Should hostilities between Brooklyn and Queens ever break out, it is certain that their respective militaries will make every effort to take and control these passes. Ultimately, you’d want absolute command and control over Pulaski, Kosciuszko, and Greenpoint Avenue Bridges, although sentries and artillery units would no doubt be deployed all along the Newtown Creek to guard against an amphibious invasion. The crumbling bulkheads and industrial fence lines would no doubt make for a daunting landing, and the Queens faction would have a de facto advantage in the conflict due to their ability to deploy artillery on LIRR flatbed cars.
– photo by Mitch Waxman
The Brooklyn side would be devastated by the first wave of a rail based artillery attack, given the massive presence of oil storage tanks on the southern shoreline. The sewer plant would be an easily targeted site, but vast reserves of Kings County loyalist troops can be found to the South and could easily be brought to the front by the G line. I’m sure there would be a fierce battle in the G tunnel underneath the Vernon/Manhattan avenue area, fought by locally raised units. Lentol’s Leathernecks, and Nolan’s Raiders, would fortify on either side of the tube, with setups reminiscent of WW1 trenches. It wouldn’t be long before both sides resorted to the usage of wonder weapons like poison gas, supplies of which are easily attainable on either side of the fabled Newtown Creek.
Queens would likely attempt the use of the 7 line to ferry in reinforcement troops like Van Bramer’s Sunnyside Battalion and Dromm’s Sikh and Gurkha Jackson Heights Commandos and the terrifying forces of the Meng Men from Flushing and Elmhurst, while Brooklyn would likely use the L line to bring in Reynoso’s Roughnecks, Levin’s Loppers, and Reyna’s Reapers from points east and south. Further to the east – where the borders of Brooklyn and Queens are not aqueous but rather terrestrial in nature – Dilan’s Death Dealers, Liz Crowley’s Maquis Freedmen, and Joe Crowley’s Fenians (backed up on their flank by Grodenchik’s Garroters, Vallone’s Vanquishers, and Katz’s Killers) would all be engaged in a Stalingrad like guerrilla struggle over Maspeth, Ridgewood, and Fresh Pond.

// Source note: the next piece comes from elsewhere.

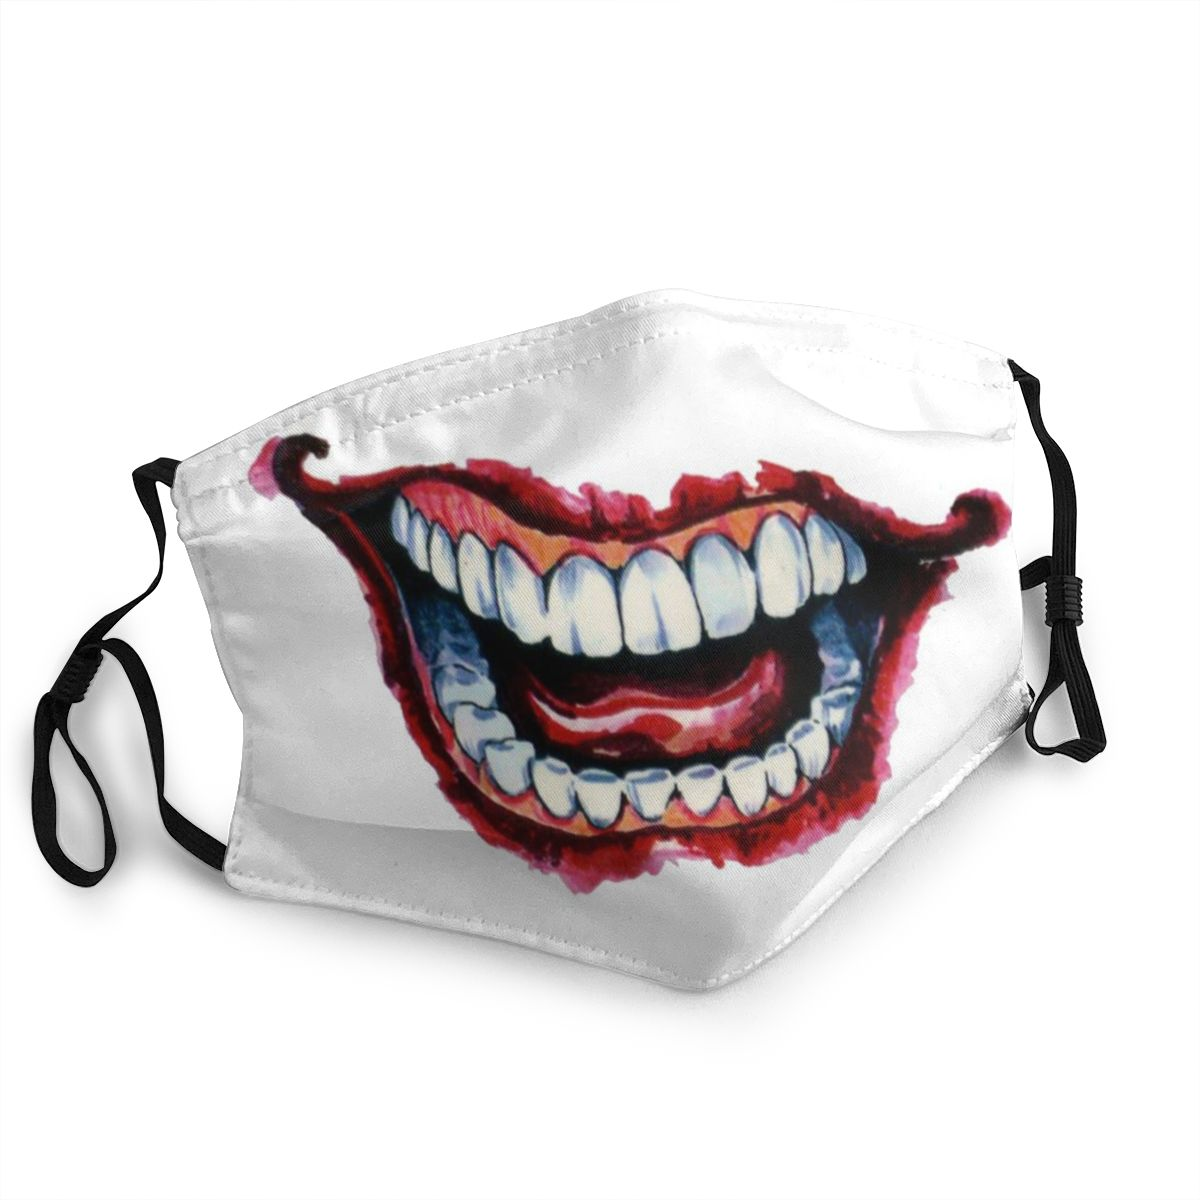 2020 3d Print Lego Joker Face Pm2.5 Filter Mouth Masks Joker Teeth Muffle Chanyeol Face Anti Custom Mouth Mask

Media attention on the conflict would be of course be focused on LIC and Greenpoint, since you could see that from Manhattan’s east side.
Irregular sappers, freelancers like the Gambinos and Latin Kings, would no doubt be utilized by both sides in this Blood War of the Boroughs.
– photo by Mitch Waxman
Whilst musing about the idea of internecine and interborough warfare, I suddenly realized that traffic had stopped flowing on the Greenpoint Avenue Bridge. Worrying that the dark day had arrived at last when the border of Brooklyn and Queens would be marked by fire and death, it suddenly became apparent that the DOT was preparing to open the bridge to allow a maritime transit.
Whooopppeeee!!!
– photo by Mitch Waxman
To all of those stopped in traffic, it must have appeared odd, seeing some despoiled creature In a filthy black raincoat jumping up and down while squealing with joy and waving a camera around.
A minor inconvenience experienced by others is often a moment of joy for me.
I got busy with the camera, and ran out onto the non movable part of the roadway, which is normally quite a chancey thing to do on the highly travelled span over Newtown Creek, as you’d get squished by a truck.
– photo by Mitch Waxman
God help me, but I just love watching a draw bridge at work. Also, check out those bike lanes. I encouraged a bicyclist to make a try for it, telling him he could easily jump the gap if he got enough headway speed. He ignored me and played with his phone instead.
Some people, I tell you, have no sense of adventure.
– photo by Mitch Waxman
The apogee of the bridge roadway’s open posture was attained shortly, and it rose in monolithic fashion. This is likely the position that the Bridge would be fixed into should hostilities between Brooklyn and Queens break out, which is offered as a strategic and or tactical note to the future combatants.
– photo by Mitch Waxman
In my incessant research of all things Newtown Creek, an eventuality in which the Creek would have become militarized was actually set down by the War Department of the United States, during the World Wars period of the early 20th century.
Naval Destroyers (sometimes the presence of a battleship is discussed as well) were set to be stationed along the Newtown Creek (as well as the East and Hudson rivers) and its tributaries to defend the Petroleum and Industrial bases along its shorelines from air or naval attack. The anticipated pathway which a German invasion fleet would have followed involved a passage through Jamaica Bay and the Narrows in pursuance of invading Manhattan at the Battery and Brooklyn via Bay Ridge. The naval guns on Newtown Creek would have been trained on the Narrows, shooting artillery in a parabola over all of Brooklyn and bombarding enemy vessels on the waterway. The defensive plan was to create a “death zone” between and supported by Forts Totten (Staten Island) and Hamilton (Bay Ridge). Governors Island was also meant to play a role in the deployment of long range defenses and weaponry.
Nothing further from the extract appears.